And let me take this one step further.  As the change management folks are fond of saying, the only constant in the medical laboratory is change.  Programs and patient care issues come and go on an irregularly irregular basis.  One day there is a haemodialysis program, the next day it is gone.  One day there is a leukemia ward, and then it is moved to another facility.   A new patient care initiative is dropped in.  Suddenly there is a new and urgent demand for three new tests.  If management does not keep these issues in mind, then meaningful strategic planning is impossible.  At least the annual management review process creates the opportunity to bring these issues to front-of-mind and to make some stabs at learning from what happened last year, and planning for next year. 
So management review is not only a nice thing to do, it provides management with the tools to make good forward thinking plans and decisions.  
Remember when management review in the medical laboratory only meant making sure that the standard operating procedures had a current date and signature. 

Pass the olives please.

Saturday, August 13, 2011

KISS


A few months ago I wrote on the topic of assessing customer satisfaction (see Satisfaction – June 11, 2011).  I offered a series of recommendations (henceforth referred to as Noble’s rules) for customer satisfaction surveys. 

They included:
  • Focus them to a single issue
  • Limit the survey to only a few questions, best is to keep it to 5-6 and NEVER more than 10, and make them as uncomplicated as possible .
  • Pre-test the questions to reduce (you can never avoid) ambiguity.
  • Make sure that it can always be completed in 3 minutes or less.
  • Never require an answer. That is a guaranteed invitation to bogus information.
  • Decide in advance which slice of your audience you are interested in and then only focus your energy on that group. General send-outs are a total waste of time. 

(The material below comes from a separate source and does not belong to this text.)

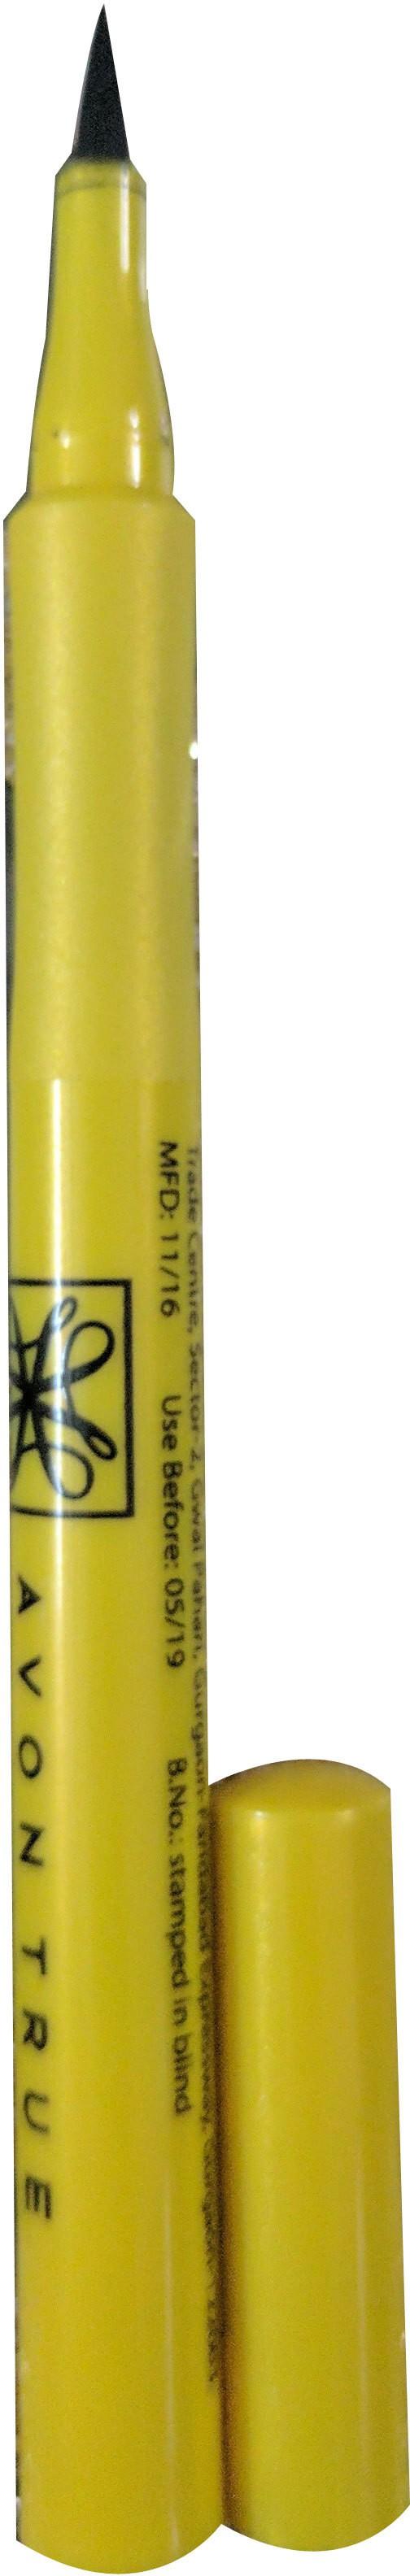 Avon True Color Super Extend Extreme Eye liner 1 ml(Black)

Somebody must be listening.  Yesterday I received an automated telephone survey from a company that I dealt with the week previous.  The survey was done over my cell phone.  They told me that there would be one question only.  Total effort on my part was about 20 seconds of listening to the preamble and question, and 3 keystrokes; one to agree to the survey, one to answer the question and one to confirm.  Talk about efficient and effective.



I raise this because it was in stark contrast to another one received by email on the same day.  They suggested it was going to take about 15 minutes but that my name was going to be included in a draw for one of 10 iPads.  At about 3 minutes I bailed out because the questions were getting progressively more complex and convoluted.  I decided that even if my chances on the iPad were near perfect, it still wasn’t going to be worth my while.

Recently I visited a laboratory that showed me a survey they had put together to comply with their accreditation requirements.  It was an on-paper document that had been mailed out to about 500 customers.  I had 20 questions and responses were all text.  By the time you add in the total costs for time to create, paper costs, postal costs for both send-out and return, plus the time and effort to transcribe data to the computer and then to try to analyze text, and then the creation of the report. 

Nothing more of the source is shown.